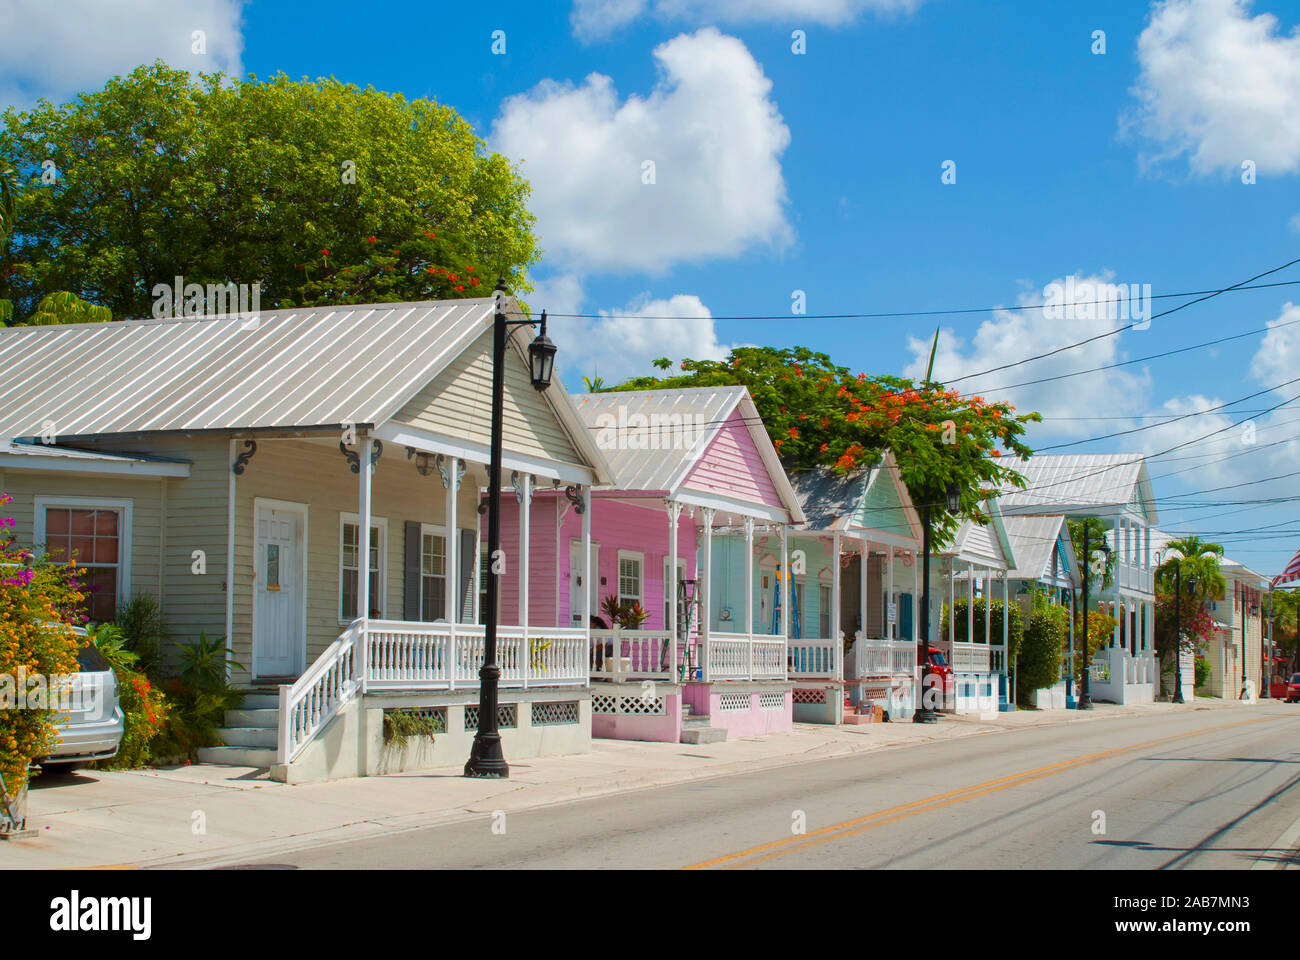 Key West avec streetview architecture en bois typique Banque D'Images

* * *

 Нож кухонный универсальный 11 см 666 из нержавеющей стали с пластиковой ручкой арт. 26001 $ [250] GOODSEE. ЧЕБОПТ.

==

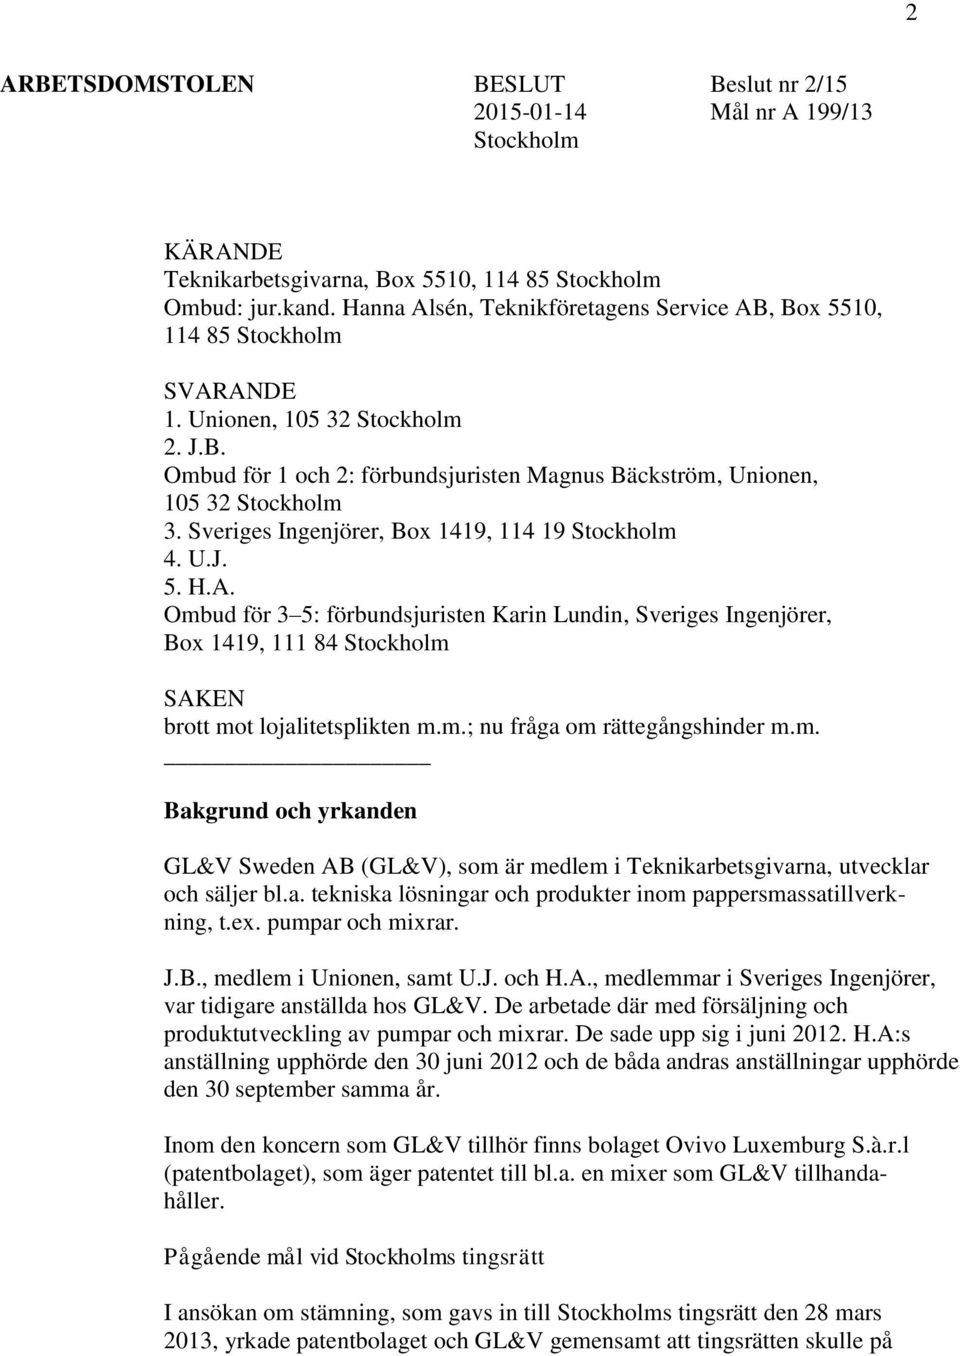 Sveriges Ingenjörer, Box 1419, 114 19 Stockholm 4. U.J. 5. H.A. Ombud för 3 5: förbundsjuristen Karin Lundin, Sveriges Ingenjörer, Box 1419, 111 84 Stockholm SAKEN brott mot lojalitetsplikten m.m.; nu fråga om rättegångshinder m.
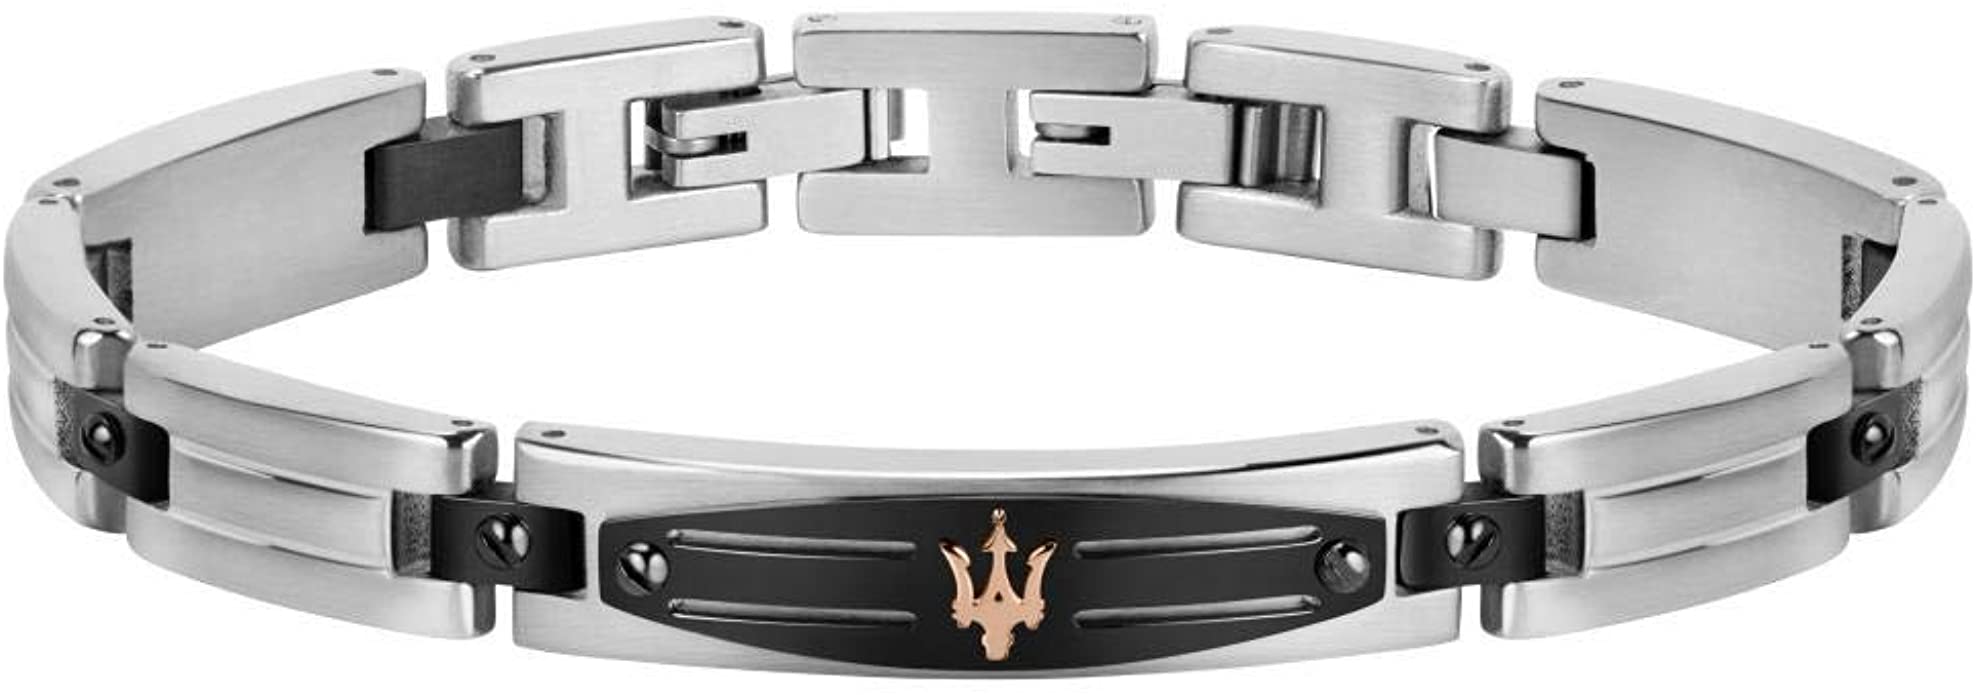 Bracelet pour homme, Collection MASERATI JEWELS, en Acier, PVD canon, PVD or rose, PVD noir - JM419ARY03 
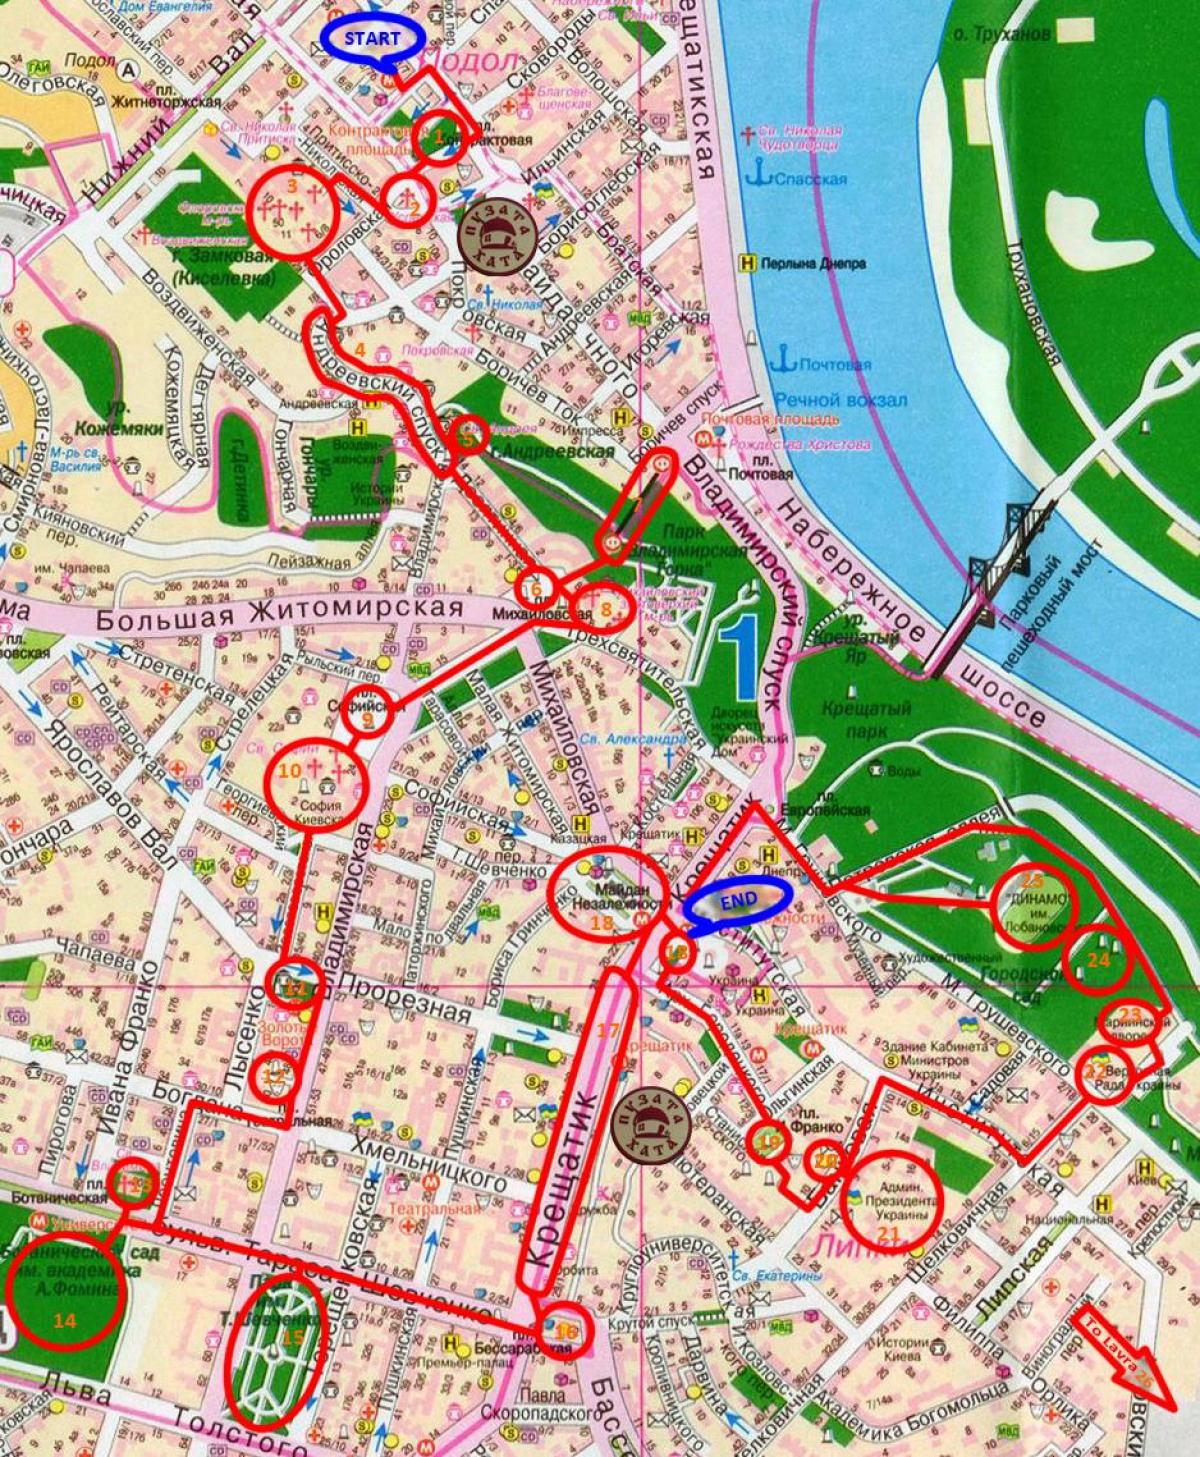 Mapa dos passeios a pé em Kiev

● YOUR OBJECTIVE
Would you print exactly the lines in the listing above, from the line bearing "Sveriges Ingenjörer, Box 1419, 114" through the line bearing "Mapa dos passeios a pé em Kiev", leaving out all pictures?

● TASK RESULT
 Sveriges Ingenjörer, Box 1419, 114 19 Stockholm 4. U.J. 5. H.A. Ombud för 3 5: förbundsjuristen Karin Lundin, Sveriges Ingenjörer, Box 1419, 111 84 Stockholm SAKEN brott mot lojalitetsplikten m.m.; nu fråga om rättegångshinder m.
 Bracelet pour homme, Collection MASERATI JEWELS, en Acier, PVD canon, PVD or rose, PVD noir - JM419ARY03 
 Mapa dos passeios a pé em Kiev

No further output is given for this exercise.